Thursday, July 19, 2012

Molly(s)

A few days after Christmas, we lost our dear Border Collie Molly. Her health had been declining gradually but we of course were all a little in denial. A few days after Christmas, Mom noticed her staggering when she got up. Dad took her to the vet that same day and he came home without her.

When Dad walked in that evening, the first thing out of my mouth was “Where’s Molly?” In retrospect, I sounded like a child and regret to this day that I asked. Dad held out his hands and shook his head. He was unable to speak. None of us were. Mom and I looked at each other in shock. I quickly turned my head and went back to washing dishes as I didn’t want anyone to see my tears.   

Dad and Molly were best friends for many years. She was constantly by his side and a tremendous help in the barn. To quote Dad “She has saved me a lot of steps.” Molly was an incredibly smart dog. At times, I felt like she could almost speak. Like humans, animals of course have their own distinct personality.
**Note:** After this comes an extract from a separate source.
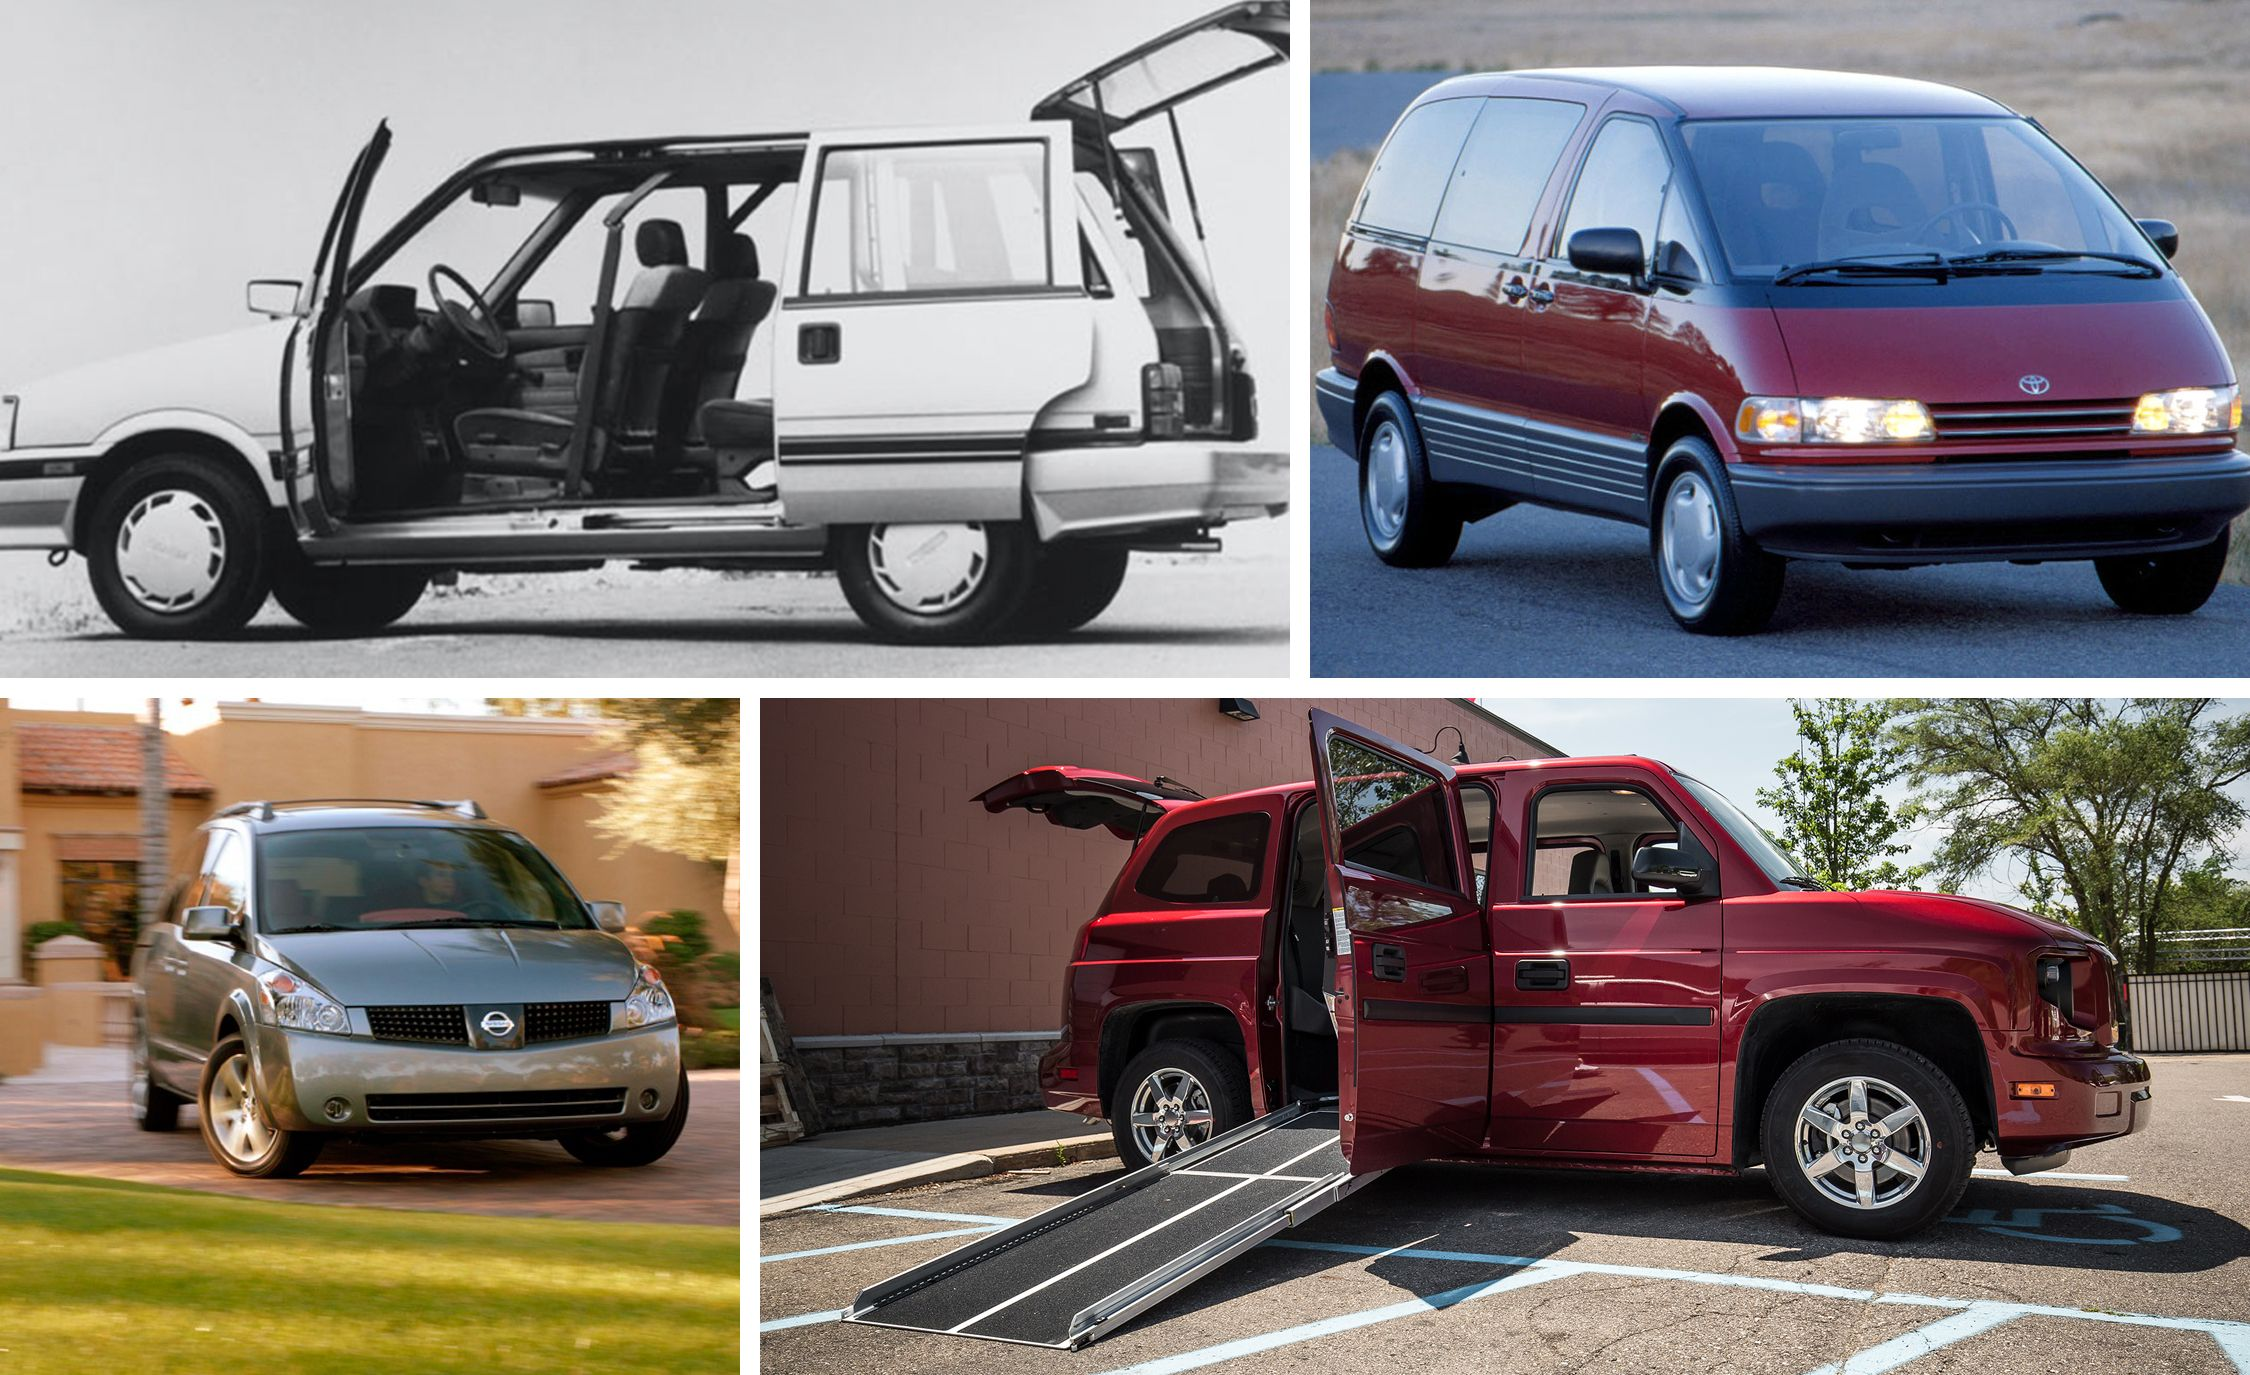 weirdest, most unique minivans ever

And Molly’s was very special.

We were not sure how Dad would react. Many times, I’ve said “I do not want to be on the farm the day Molly goes to dog heaven.” And there I was right smack dab in the middle of it. Dad took it better than we thought we would. We were also shocked when he started talking right away about getting another dog. With his birthday right around the corner in February, we decided a puppy would be a perfect gift for him.

We contacted a couple of breeders and finally settled on one who told us we could have a puppy ca. late February – early March. We all contributed to the total cost and then told Dad our plans. He seemed upbeat about it right away. He then surprised us by saying he would call this new dog Molly as well. I recall thinking this was a bit odd but his reasoning was sound: “My memory is so bad I will just call her Molly anyway so why not do so from the start.” Molly it was.
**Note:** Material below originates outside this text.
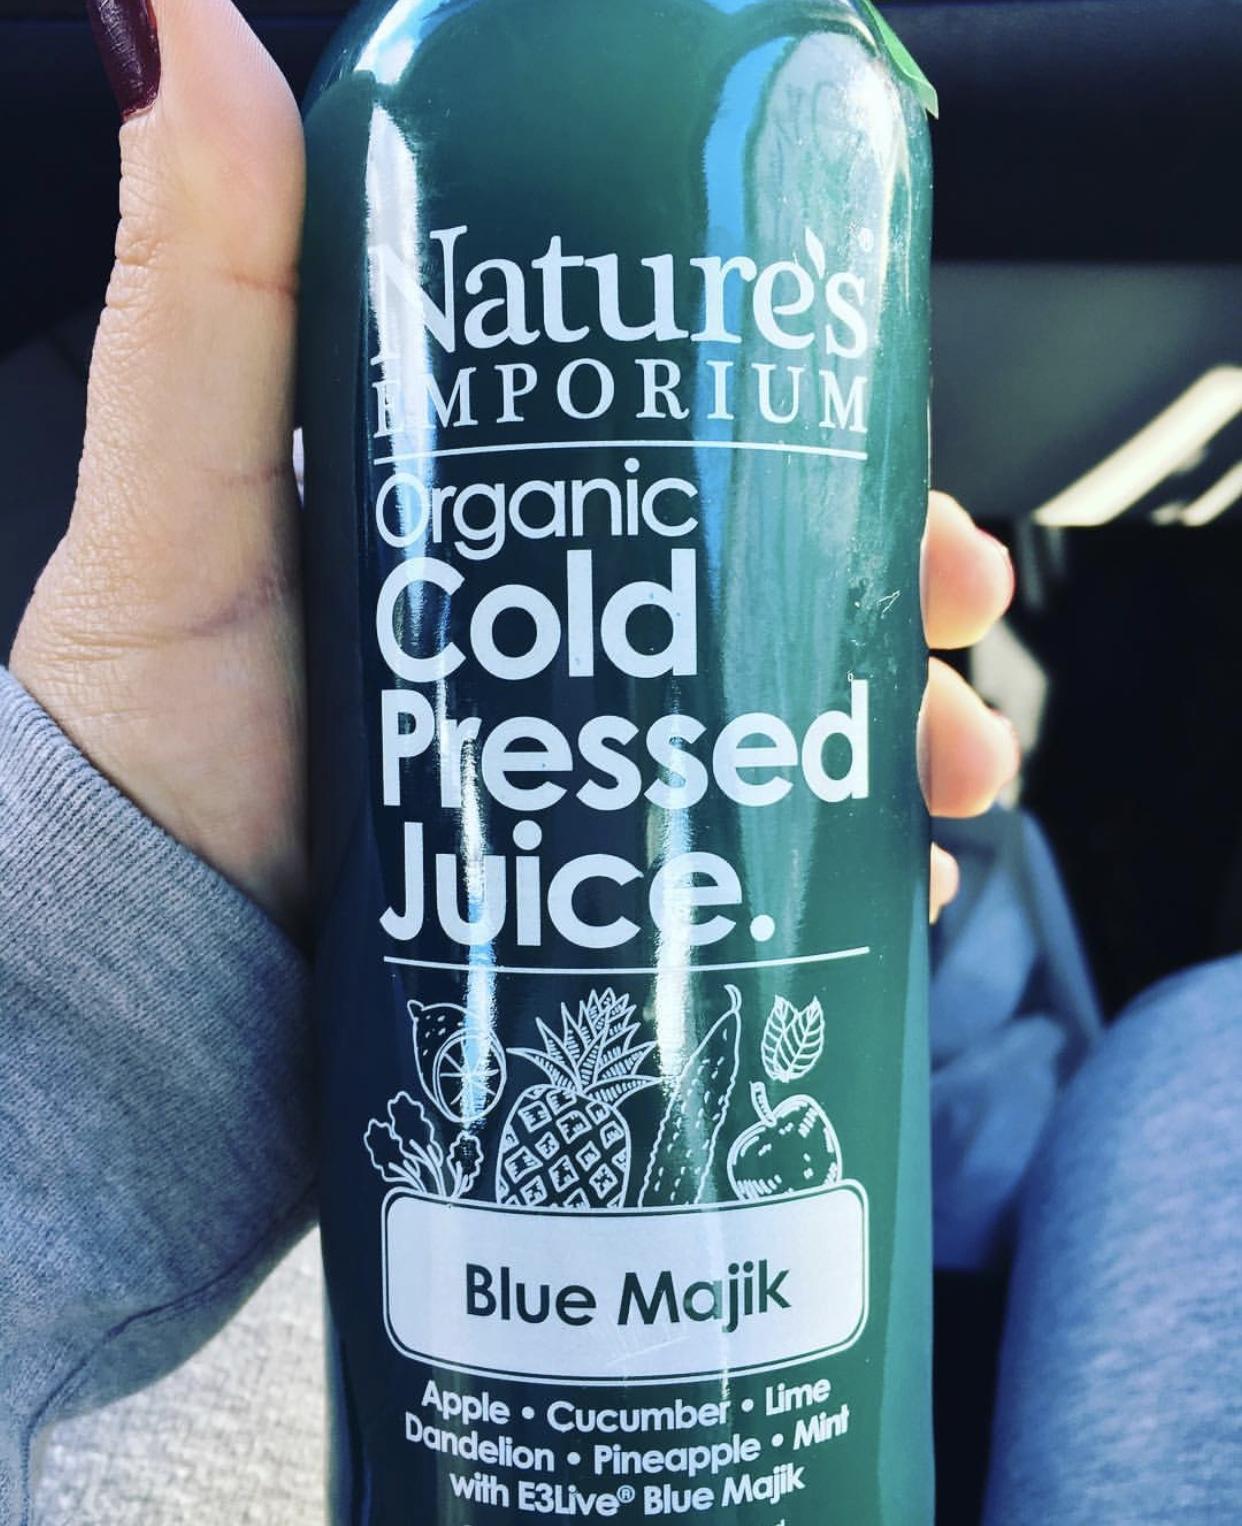 Blue Majik Drink

Mom, Dad, David and Karen made a trek up to the breeders at the Western end of the Island to pick out the puppy in mid February. Dads once again choose a female pup who was also the runt of the litter. Within a few weeks, she arrived at the farm...and the farm hasn’t been the same since.

Mom endured the first few weeks of puppy craze with more patience than anyone I know. My favourite story involved a vase of roses. After knocking it over and have all the waters and flowers fall on her head, Molly didn’t know what to do. Hearing Mom make her way out to kitchen must have intensified the situation because by the time Mom reached the entry to the kitchen, she met Molly galloping down the hallway with a rose in her mouth.

As soon as it was warm enough, Molly moved from the house to the barn. My telephone conversations with Mom always contain a few entertaining Molly stories. And within a few weeks, I will get to see her again. I adore her. When I had to go home unexpectedly in April, I also got to meet Molly. I loved cuddling with her and our daily walks. Here are some photos I took of her in April...expect some more in the Fall!











Sunday, July 15, 2012

The phone call – part deux





Doug, Patty and I sat there starring at Mom talking to my brother David on the telephone. I was so impressed at my Mother’s strength. She didn’t break down – nor did her voice quiver. Doug and Patty sat on their couch starring intently at Mom. I looked from one to the other and was grateful nobody was looking at me because I was on the verge of hyper ventilating. My breath would not come and I suddenly felt so cold. I realize now, I was truly scared – not a feeling I have had very often in my life.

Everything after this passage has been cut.